◆ The problem
Would you repeat exactly the part of the listing below that runs from the line containing "TOMIX HO-211 JR DF200-200形ディーゼル機関車旧車グッズ" down to the line containing "Faculdade De Direito", inclusive, and nothing else?

◆ Dataset excerpts

........

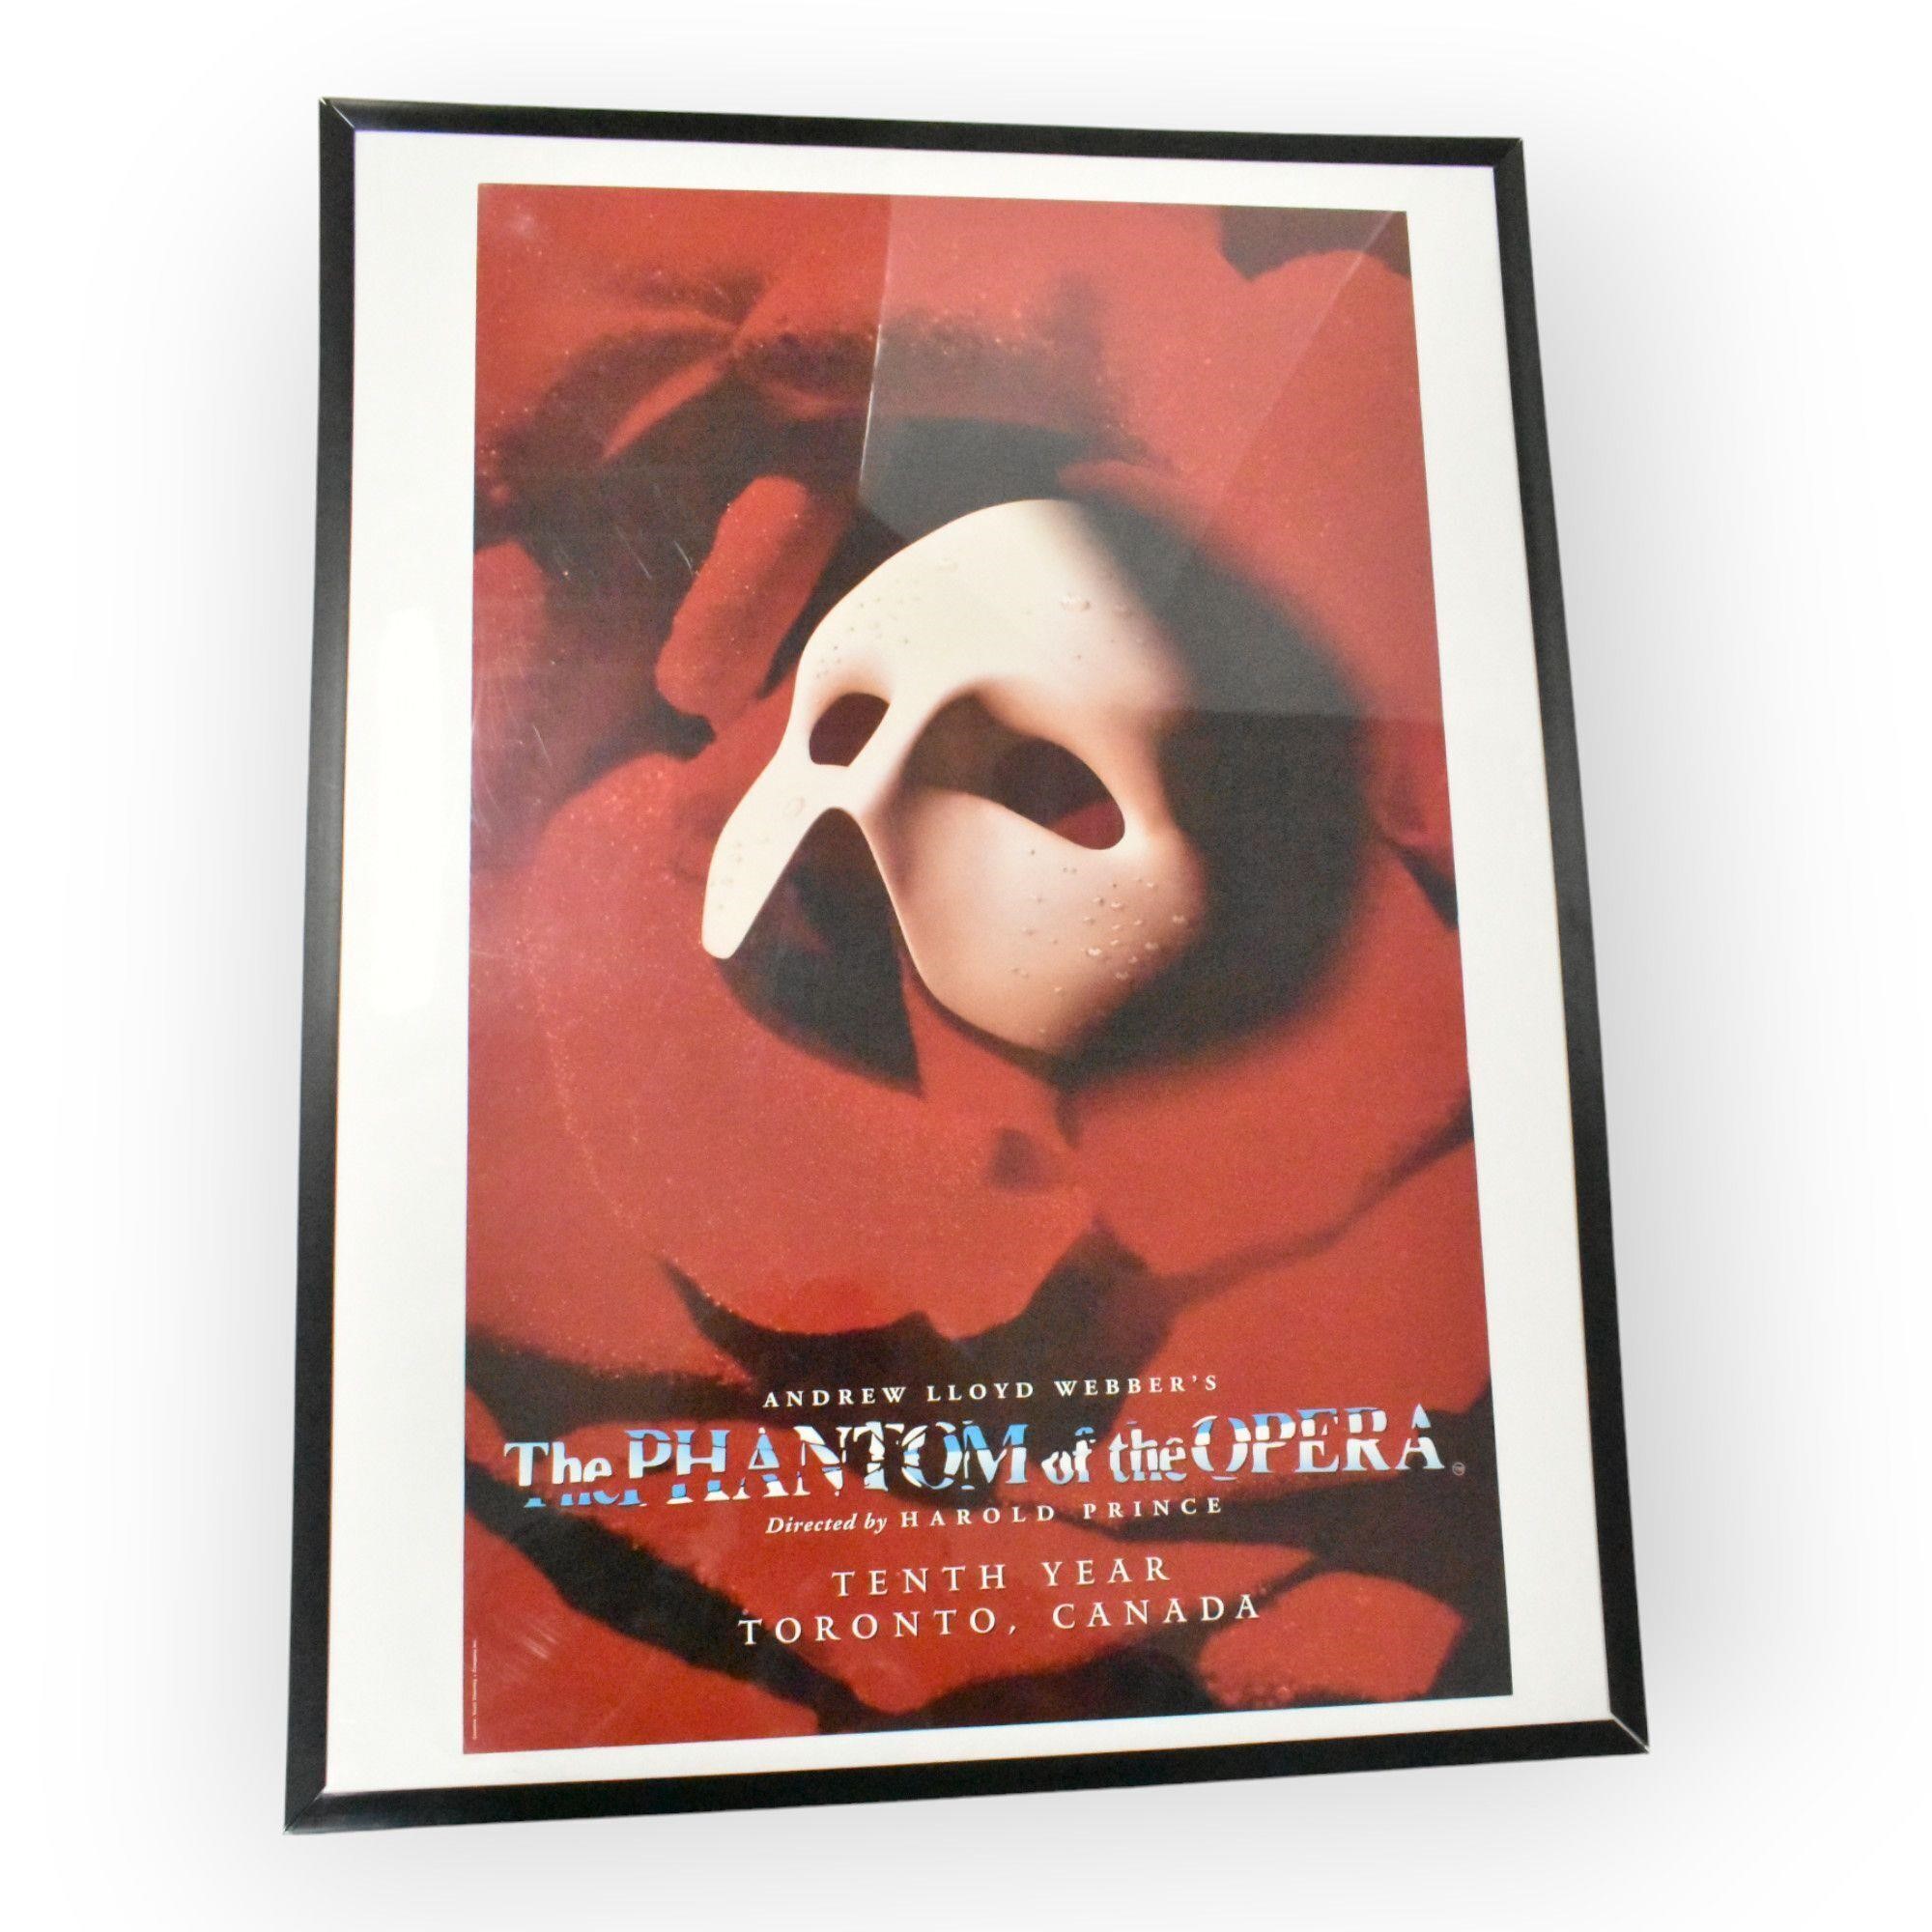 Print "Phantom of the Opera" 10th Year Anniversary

........

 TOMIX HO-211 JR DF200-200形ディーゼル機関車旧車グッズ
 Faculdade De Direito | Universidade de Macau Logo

........

◆ Problem solution
 TOMIX HO-211 JR DF200-200形ディーゼル機関車旧車グッズ
 Faculdade De Direito | Universidade de Macau Logo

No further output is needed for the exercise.